Input data:
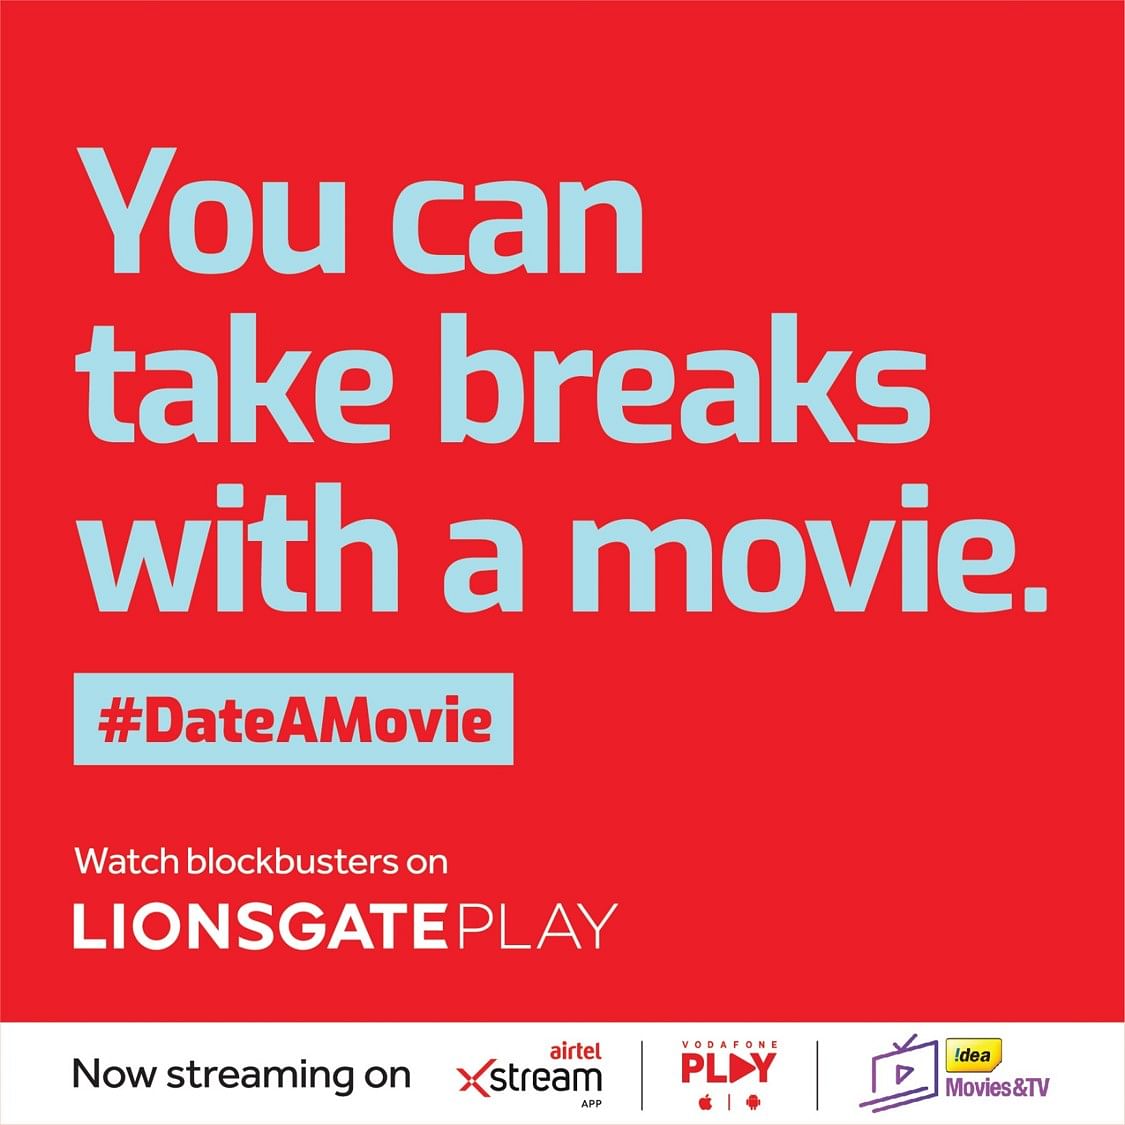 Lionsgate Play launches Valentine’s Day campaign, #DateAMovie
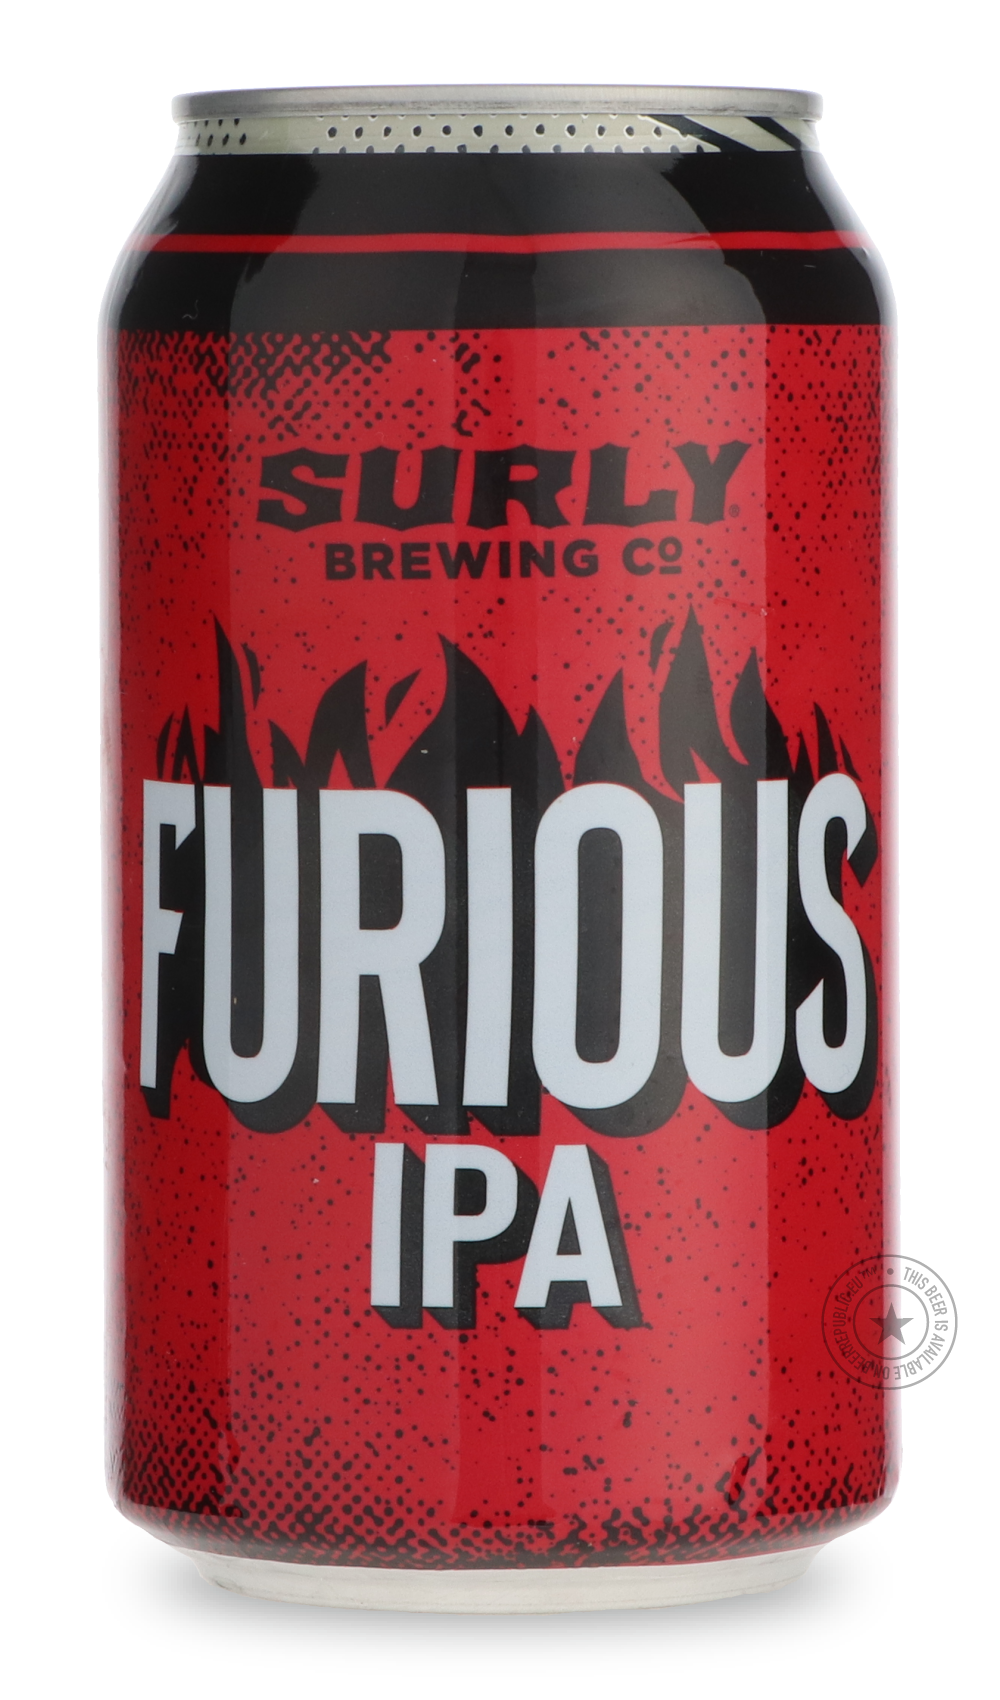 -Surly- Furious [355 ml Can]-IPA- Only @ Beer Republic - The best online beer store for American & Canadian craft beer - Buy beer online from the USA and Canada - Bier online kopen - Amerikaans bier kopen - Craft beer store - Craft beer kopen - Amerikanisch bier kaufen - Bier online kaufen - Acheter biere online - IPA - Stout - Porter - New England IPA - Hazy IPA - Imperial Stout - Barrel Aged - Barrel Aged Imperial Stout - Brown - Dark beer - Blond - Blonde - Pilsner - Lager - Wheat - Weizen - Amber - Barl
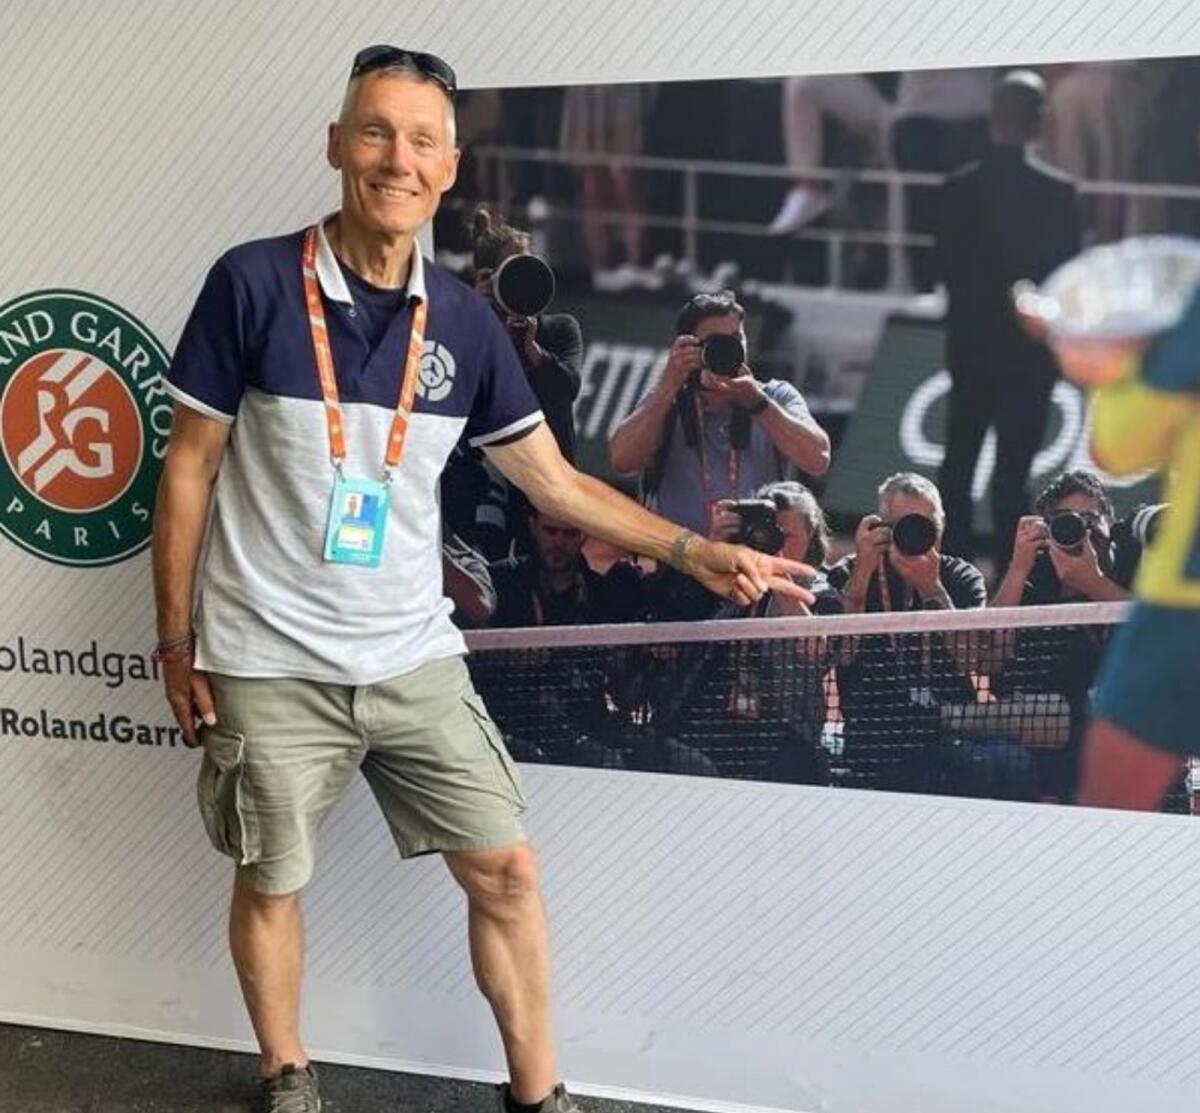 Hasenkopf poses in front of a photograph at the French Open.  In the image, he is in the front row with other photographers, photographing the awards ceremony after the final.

Problem description:
Copy each line above exactly, with no images.

Reply:
 Lionsgate Play launches Valentine’s Day campaign, #DateAMovie
 -Surly- Furious [355 ml Can]-IPA- Only @ Beer Republic - The best online beer store for American & Canadian craft beer - Buy beer online from the USA and Canada - Bier online kopen - Amerikaans bier kopen - Craft beer store - Craft beer kopen - Amerikanisch bier kaufen - Bier online kaufen - Acheter biere online - IPA - Stout - Porter - New England IPA - Hazy IPA - Imperial Stout - Barrel Aged - Barrel Aged Imperial Stout - Brown - Dark beer - Blond - Blonde - Pilsner - Lager - Wheat - Weizen - Amber - Barl
 Hasenkopf poses in front of a photograph at the French Open.  In the image, he is in the front row with other photographers, photographing the awards ceremony after the final.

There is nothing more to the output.